Since March/April, I have been sitting on my hands not quite ready to hit the “Publish” button to push my words off onto the instantaneous online press. But as time passes by, I am losing the details of the what, why, how of my GitHub data explorations and going back through my GitHub history to identify my work processes requires more and more mental aerobics. Hence, while I am still in a state of partial clarity, I will do my best to squeeze out my months-past thoughts during an afternoon writing spurt.
* * * Here I go! * * *
Wanting to have fun exploring GitHub data, I headed first to the playground: GitHub’s API. It had all that I could want for my preliminary explorations. I could grab data on repository languages, pushes, forks, stars, etc. You name it. Problem was it was like standing at the base of a bouldering wall, positioning yourself in your first hanging form, and then not knowing how to reach the next boulder on the colored route. My technique was not quite even a V0 and my arms were too weak to compensate by just pulling myself up through sheer muscle.
That’s when I found GitHub Archive. GitHub Archive is a “project to record the public GitHub timeline, archive it, and make it easily accessible for further analysis.” With the data hosted on Google BigQuery, the GitHub event data was readily available to be queried using SQL.
SQL! SELECT statements! I can do that!

I decided to go ahead and first explore GitHub’s data via GitHub Archive. The API would have to wait.
I started out with a basic question: What is the growth trend of total GitHub repositories? What is the growth trend of total GitHub projects i.e., repositories excluding forks?
To answer these questions, I parsed the GitHub Archive data in three ways:
- GitHub Archive
- GitHub Archive: CreateEvent
- GitHub Archive: PushEvent
Side Track: CreateEvent vs. PushEvent
The reason why I looked at both CreateEvent and PushEvent was to investigate the peculiarities that emerged when running my initial query for the number of repositories by programming language and creation date, restricted only to CreateEvent. Looking for whether anyone else had run a similar analysis on which I could compare my results, I stumbled upon Adam Bard’s blog post “Top GitHub Languages for 2013 (so far)”.
Here was his query.

This query was similar to mine but after exploring the data more closely, I had a couple issues with this approach. Although it may be difficult to see without looking at the raw data structure, the questions that popped up were:
- Wouldn’t counting non-distinct languages i.e., count(repository_language) result in duplicate counts of unique repositories?
- Shouldn’t we be looking at only CreateEvent’s payload_ref_type == “repository” rather than also including branches and tags?
- Don’t we have a “null” issue for repository language identifications of CreateEvents?
- over 99% of CreateEvents with payload_ref_type == “repository” have “null” repository language
- over 60% of CreateEvents for all payload_ref_type {repository (>99%), branch (~28%), tag (~57%)} have “null” repository language
Example
Let’s look at the Ceasar’s repository “twosheds”.
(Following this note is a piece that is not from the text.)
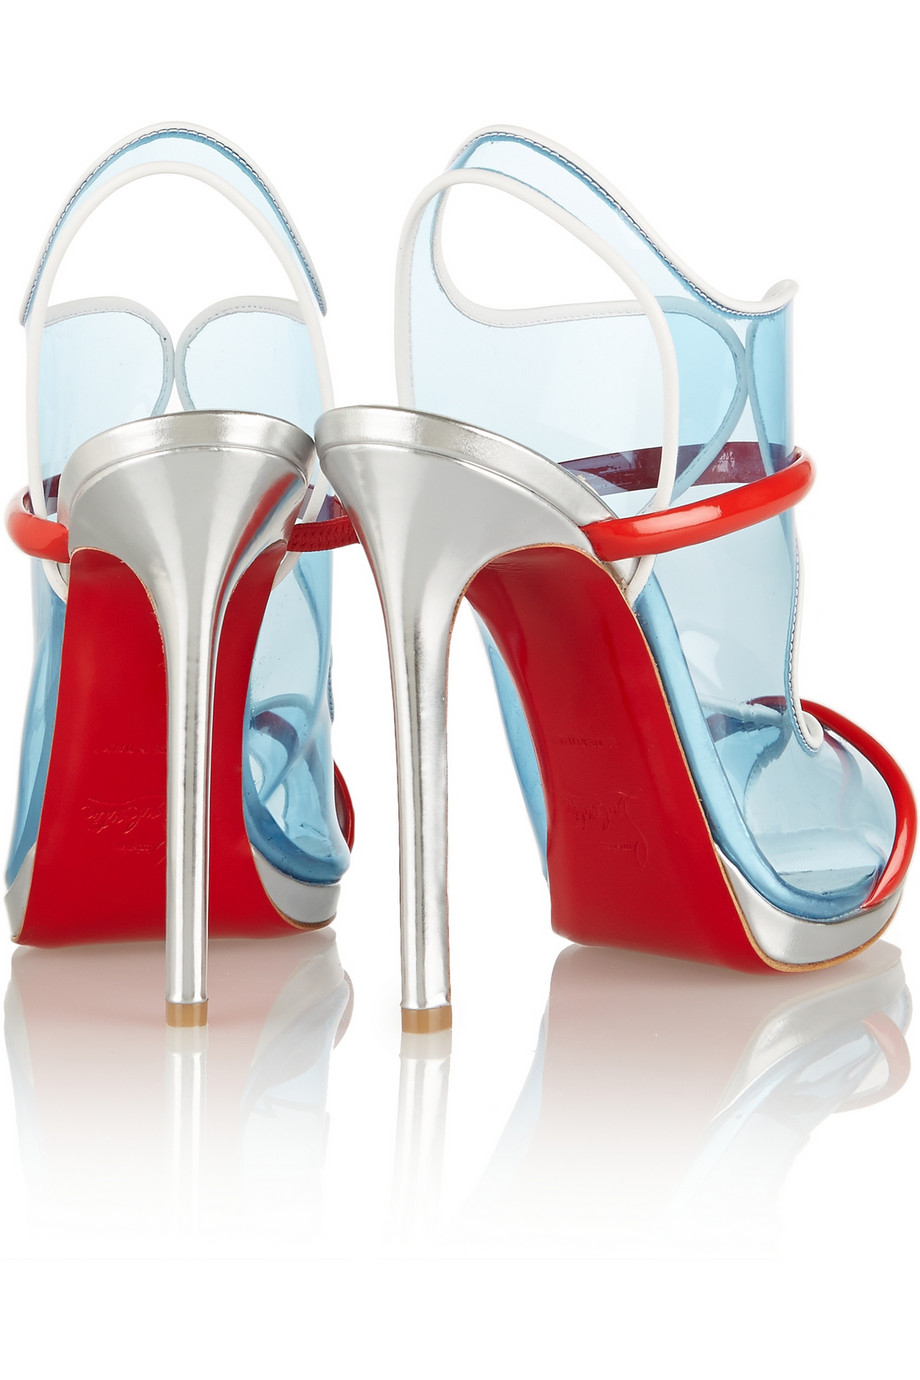 blue christian louboutin sneakers - Artesur ? christian louboutin leather and patent leather sandals ...

If we count using count(repository_language), we would have the following total counts by language:
Now this seems wrong. Why would we count these records multiple times as unique repositories? Instead, these should fall under one repository count for “twosheds” and be categorized as written in Python. What if we restrict the query to only CreateEvent’s payload_ref_type == “repository” and count as count(distinct(repository_url))? The issue here is that the assigned language is now “null”.
Sure, we could think of ways around this — for example, take the maximum non-missing language identification for each unique CreateEvent’s repository URL, regardless of the payload reference type. However, given the prevalence of “null” language identifications for CreateEvent, why not try PushEvent instead? We can check if PushEvent has similar missingness with its repository language identifications. If not, under the assumption that active repositories are pushed to, we can count the distinct repository URLs of PushEvents to identify unique repositories by creation date and programming language.
Indeed, only ~12% of PushEvents have “null” repository language identifications. PushEvent seems to be good alternative!
Back on Track & Back to Basics
Let’s go back to our initial question: What is the growth trend of total GitHub repositories? What is the growth trend of total GitHub projects i.e., repositories excluding forks? I computed the yearly totals using count(distinct(repository_url)) to count the total number of unique repositories by creation date (year).

As a litmus of sorts, I compared these yearly counts to those from GitHub Search.


What do we notice here?
Assuming GitHub Search as the barometer of expectation:
- prior to 2012, GitHub Archive (all, CreateEvent, PushEvent) seems to produce underestimates of total repositories and projects
- repositories: Search ~ GitHub Archive (all)
- projects: Search ~ PushEvent
Now, why do we observe these differences?
I mulled over the observed differences, raising my stack of questions higher. What is going on here? How will it affect my analyses?

For now, I will leave it here and continue next time with more on the GitHub analysis I ended up pursuing.
As I say adieu, I ask: What interesting or curious things do you notice here so far?